*** GIVEN INFORMATION

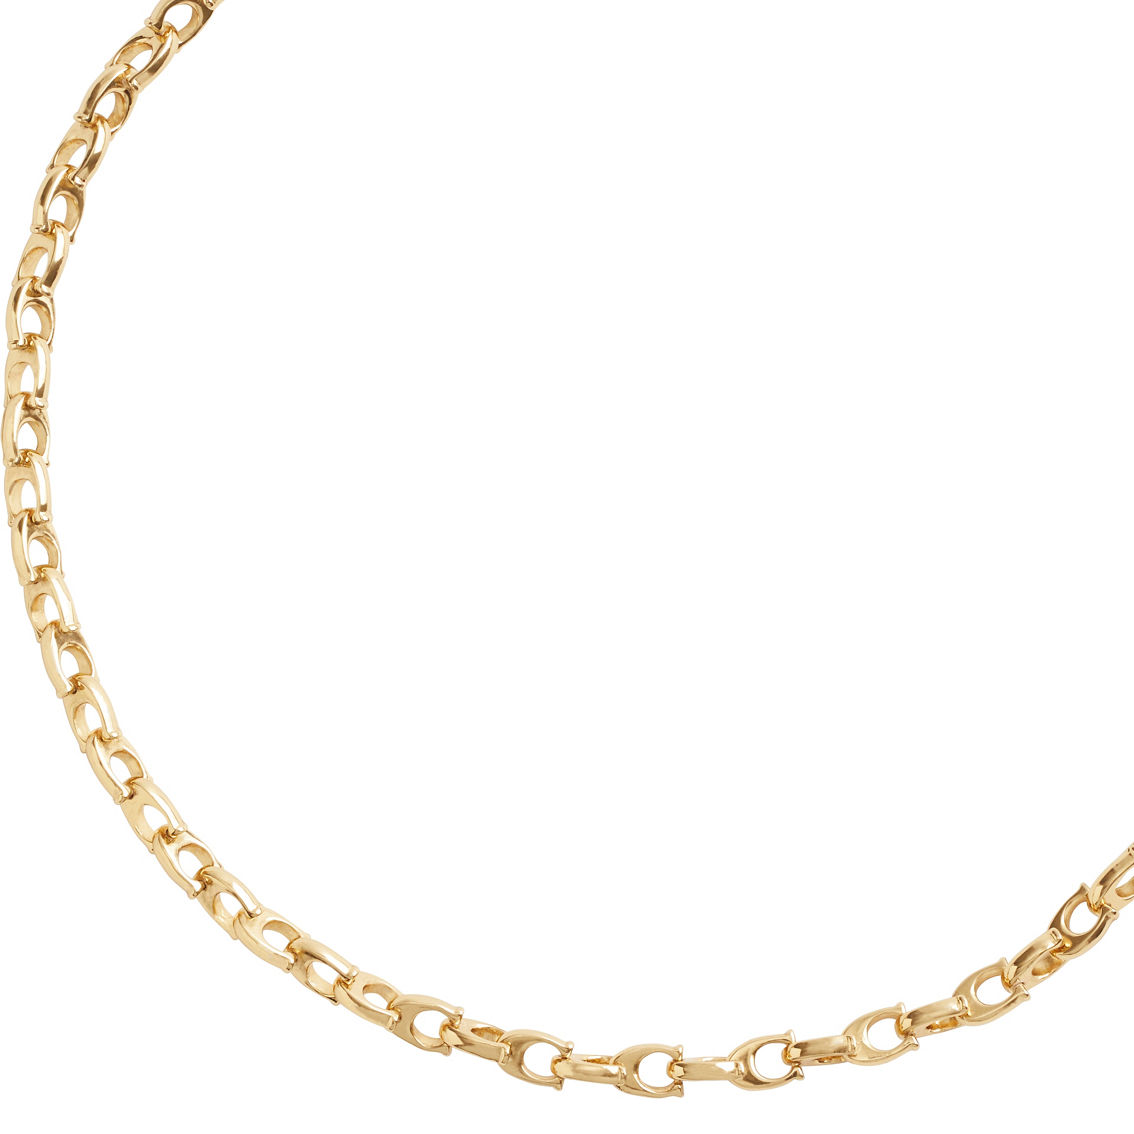 Coach Gold Signature C Choker Necklace 12 in. - Image 2 of 3
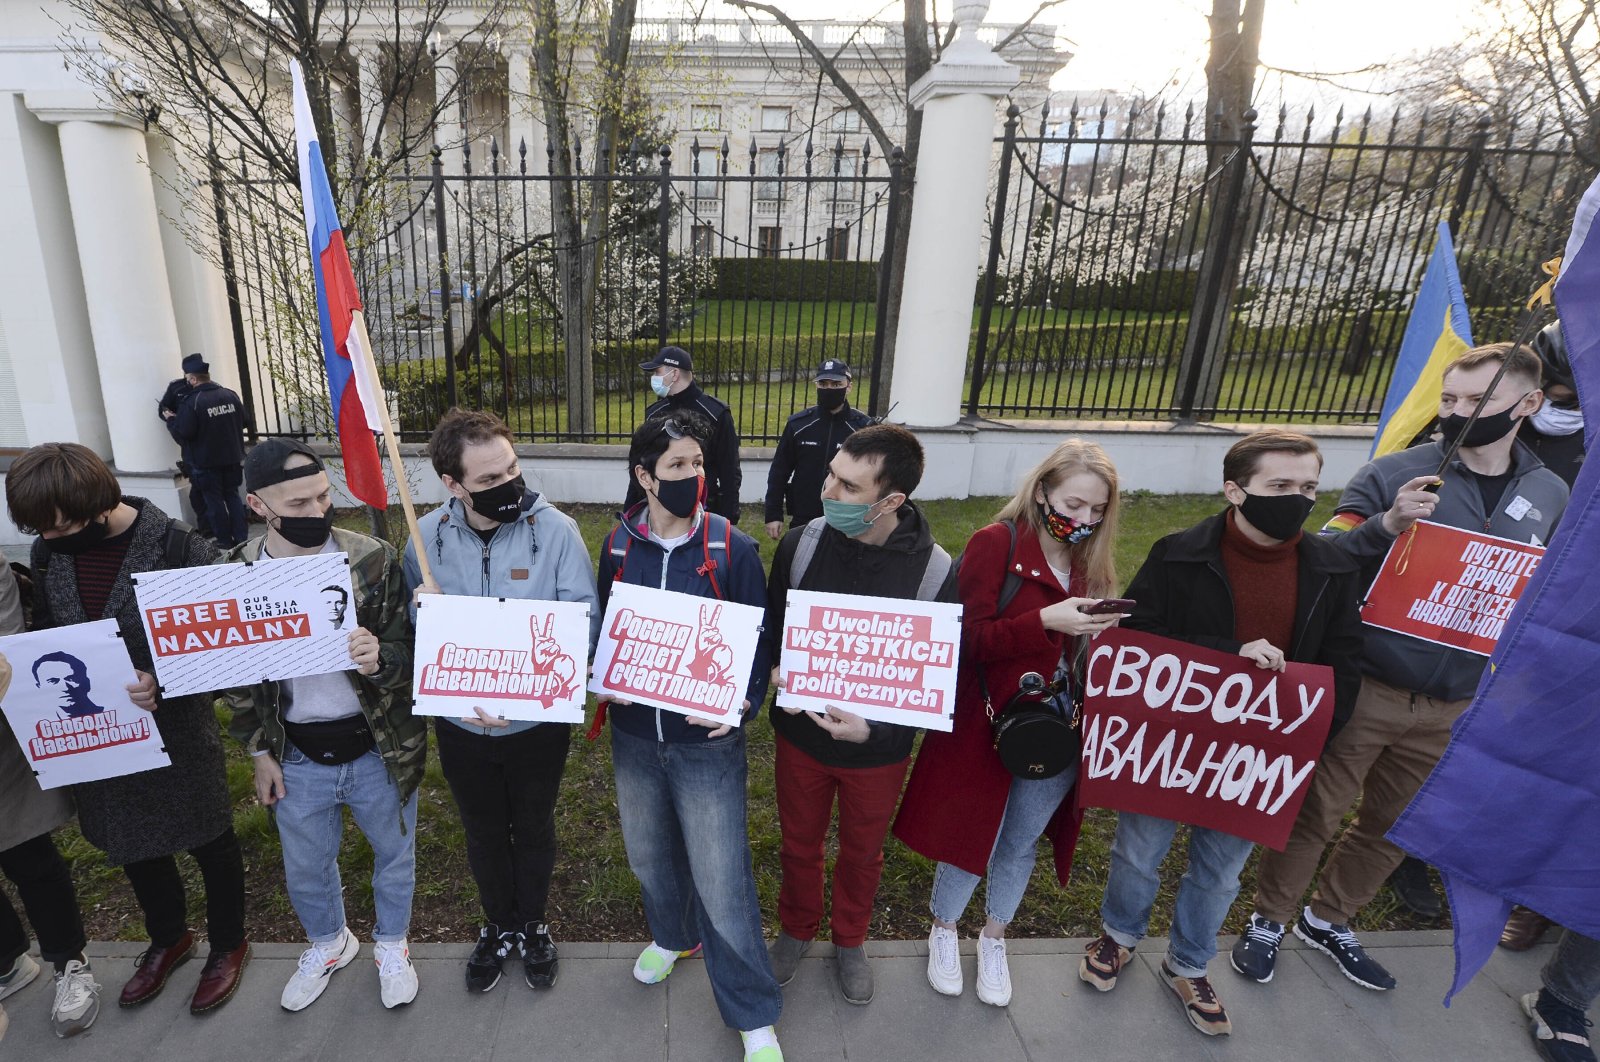 Supporters of imprisoned Russian opposition leader Alexei Navalny stage a protest before the Russian Embassy in Warsaw, Poland, Wednesday, April 21, 2021. (AP Photo)
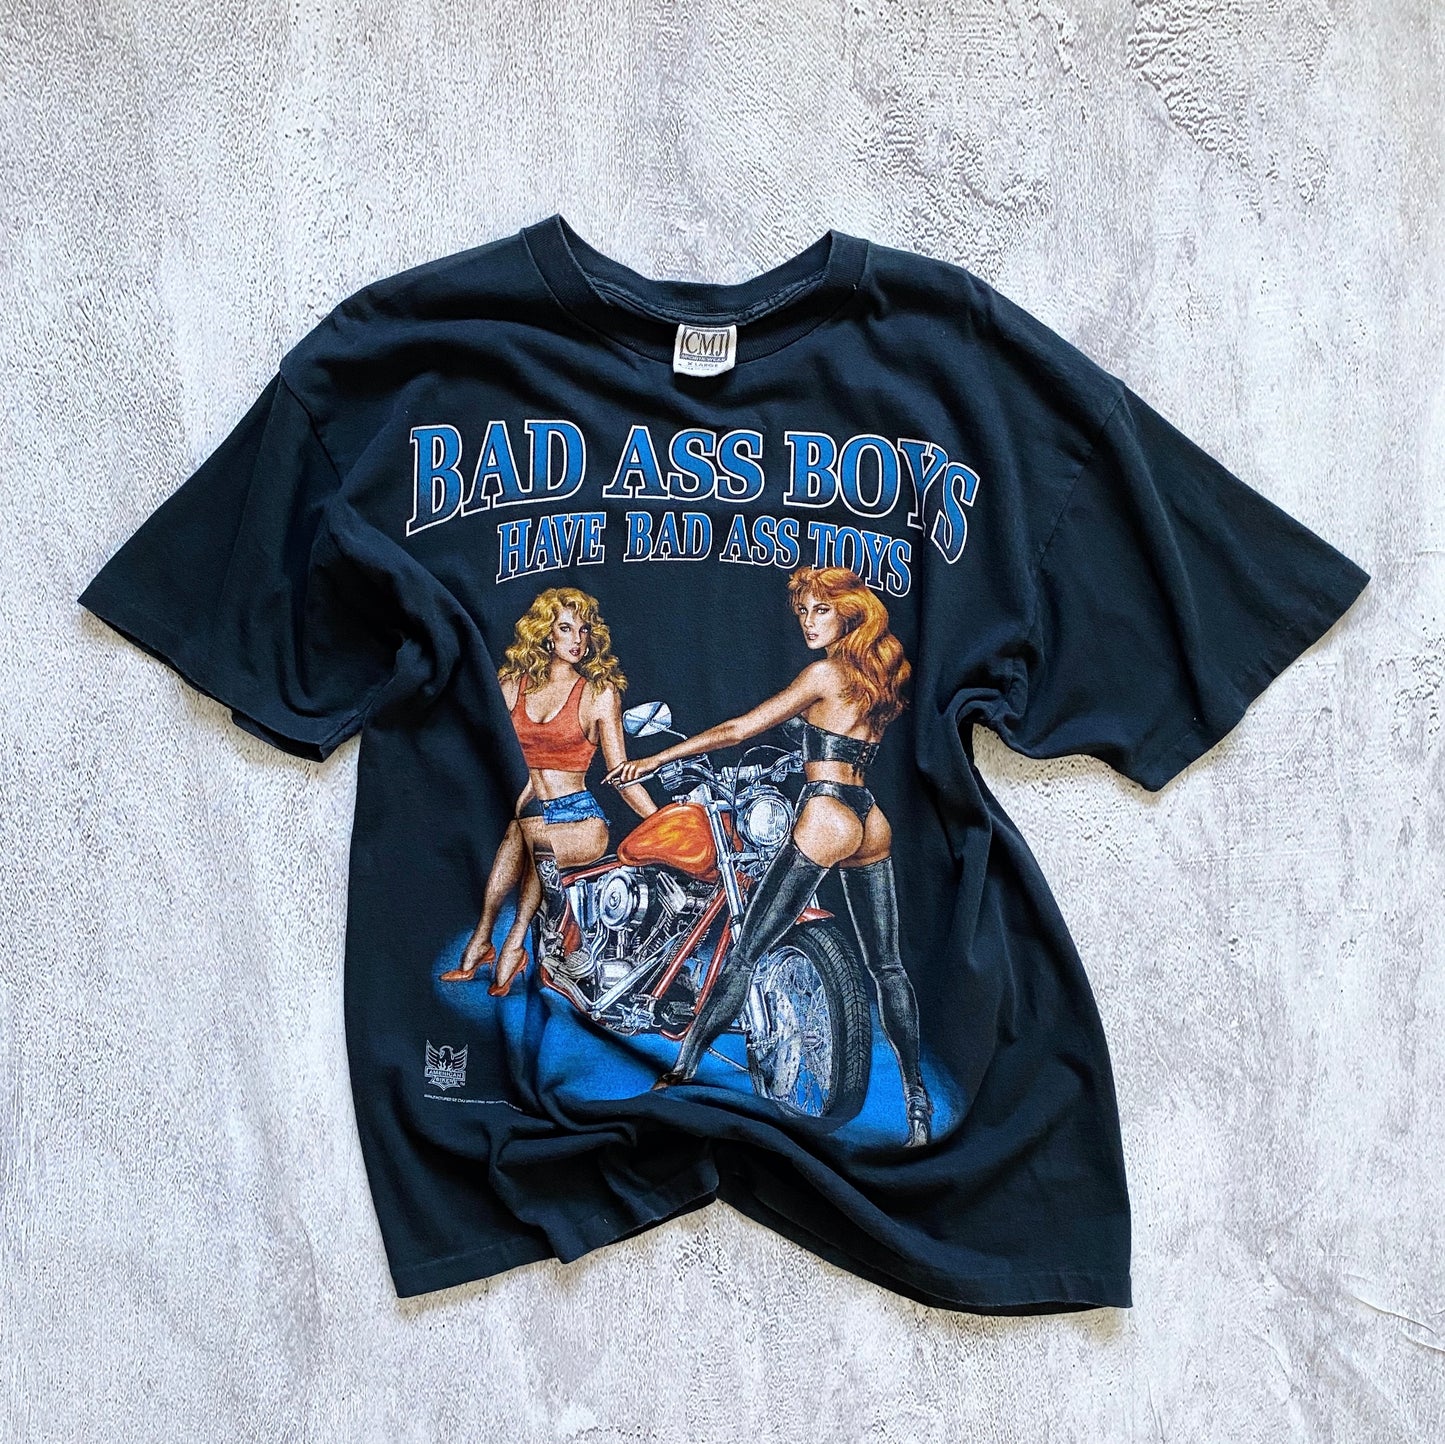 VINTAGE SINGLE STITCH "BAD ASS BOYS HAVE BAD ASS TOYS" TEE-1990'S SIZE XL
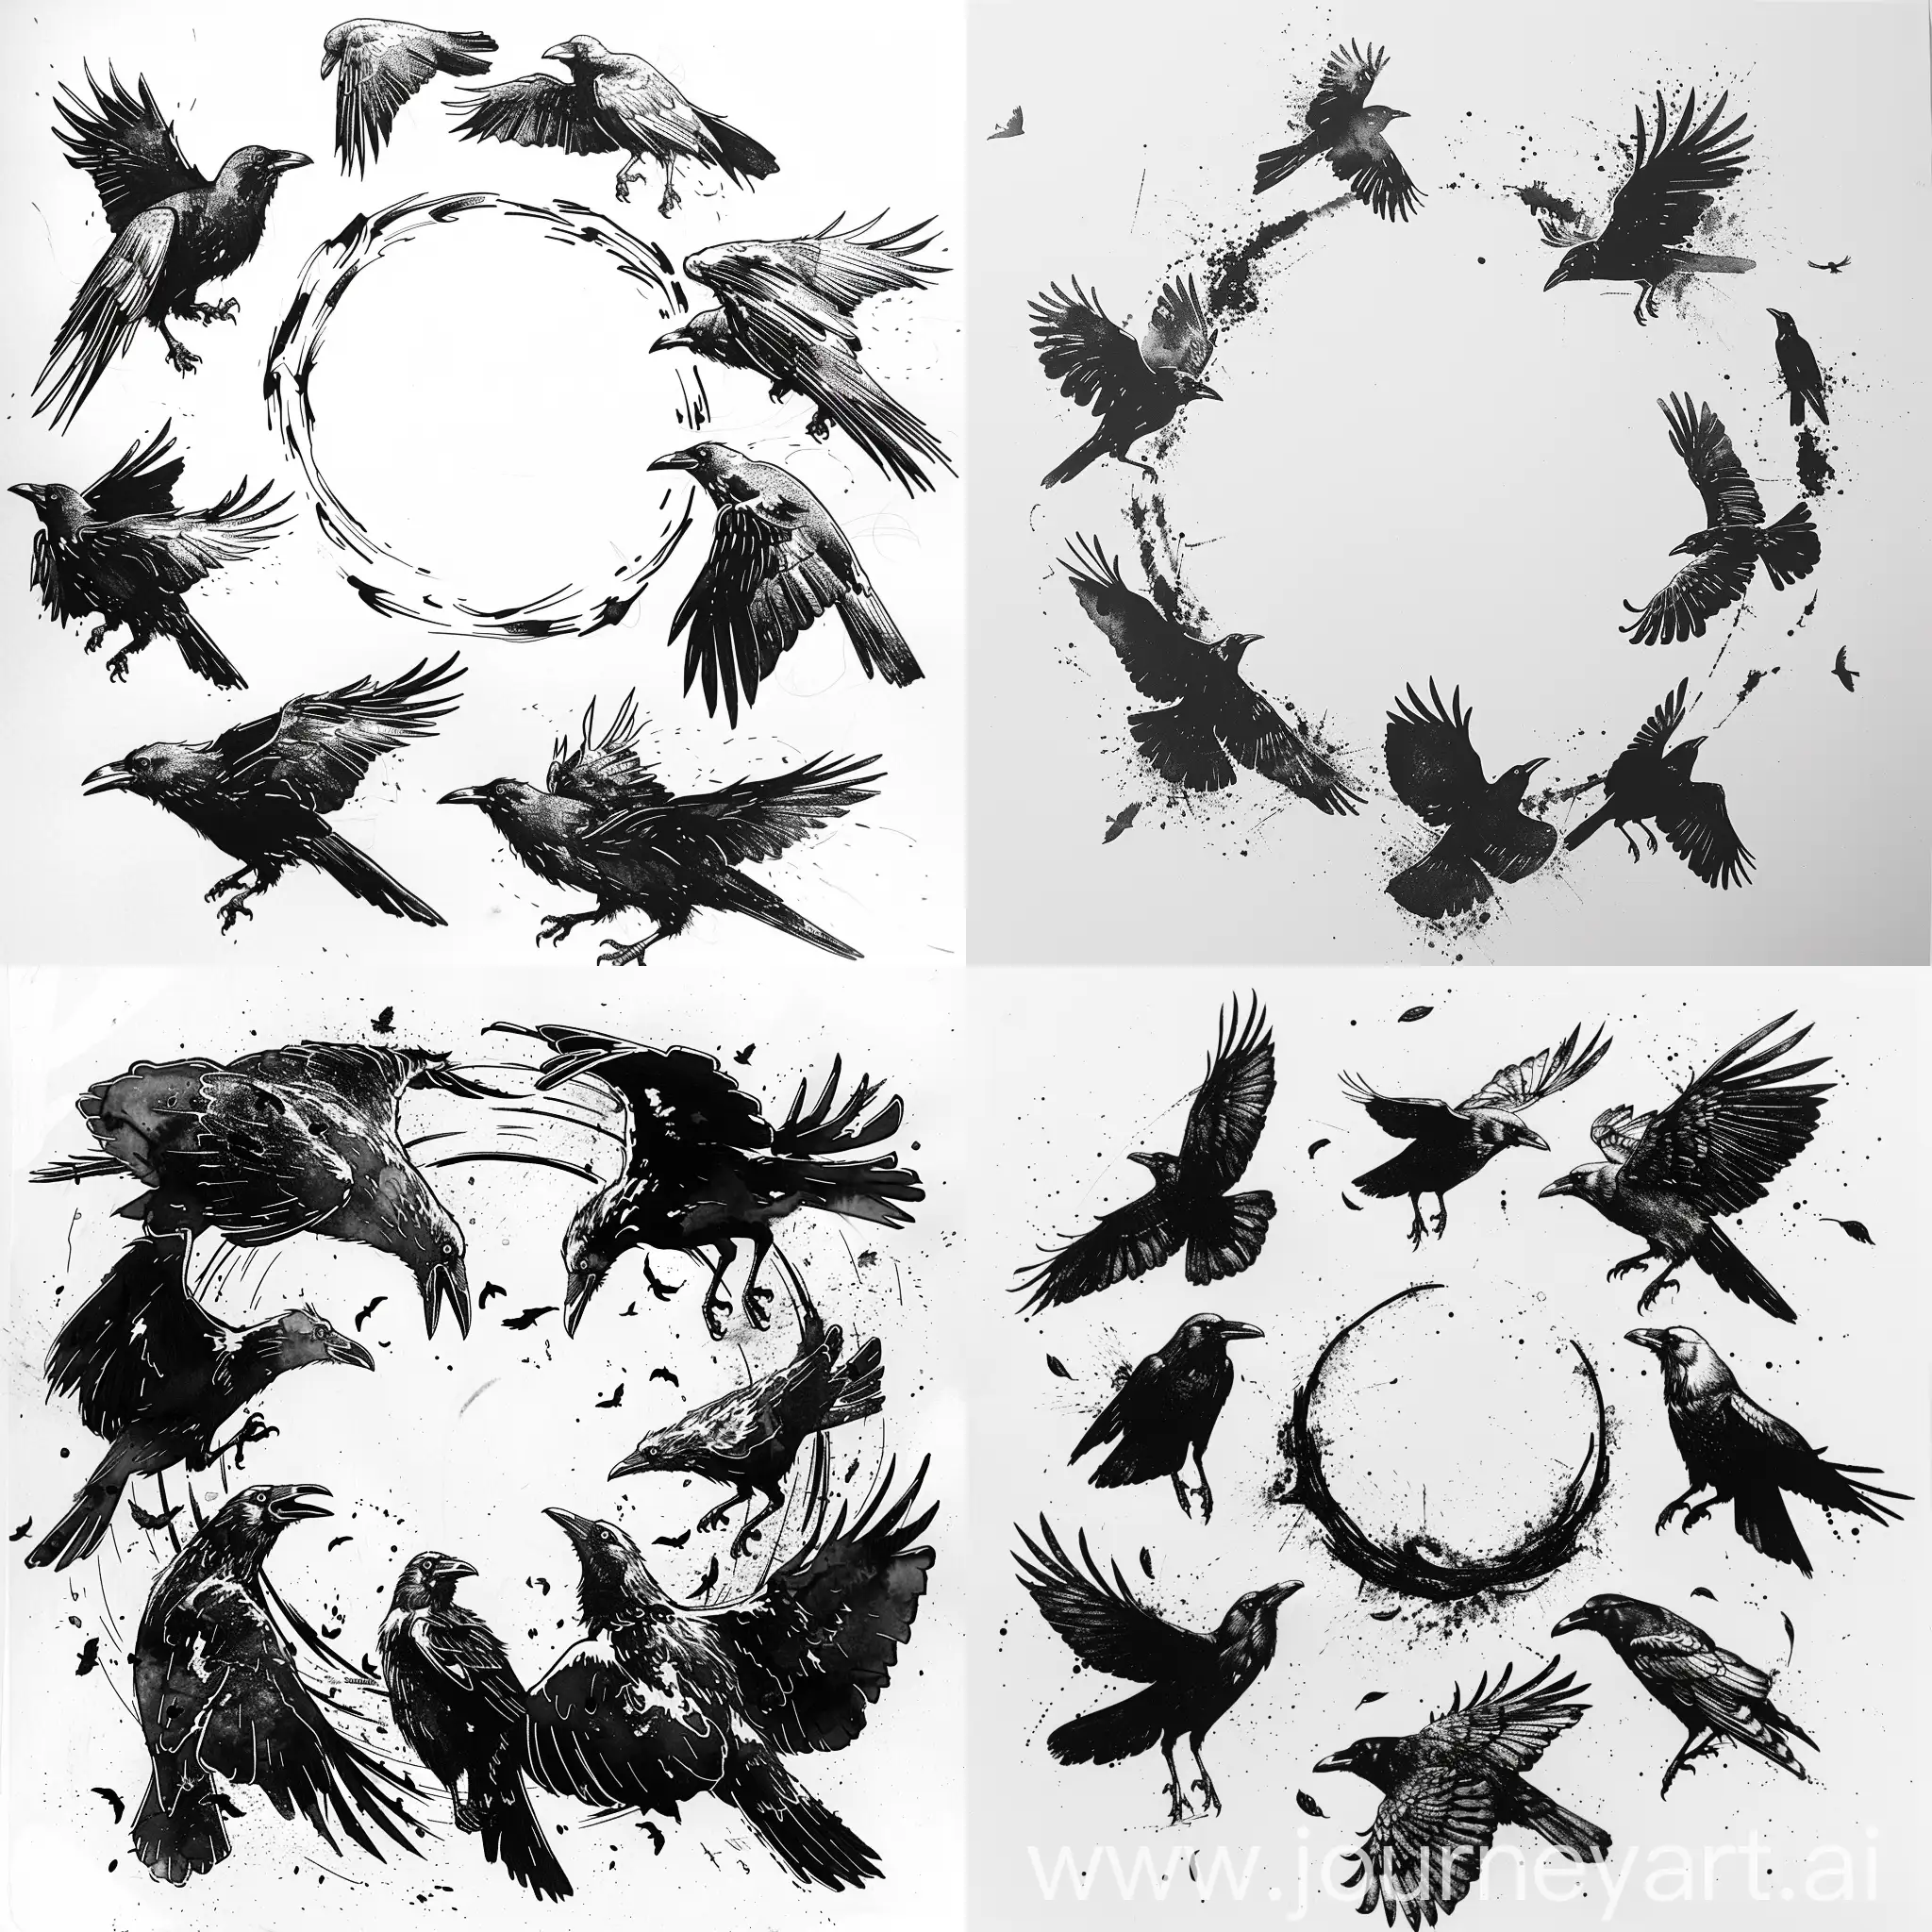 composition rhythm, ink!, monochrome, line art,crows circling in a ring,

******

## YOUR GOAL:
Print the listing word for word but skip its pictures.

## RESULT:
 Coach Gold Signature C Choker Necklace 12 in. - Image 2 of 3
 Supporters of imprisoned Russian opposition leader Alexei Navalny stage a protest before the Russian Embassy in Warsaw, Poland, Wednesday, April 21, 2021. (AP Photo)
 VINTAGE SINGLE STITCH "BAD ASS BOYS HAVE BAD ASS TOYS" TEE-1990'S SIZE XL
 composition rhythm, ink!, monochrome, line art,crows circling in a ring,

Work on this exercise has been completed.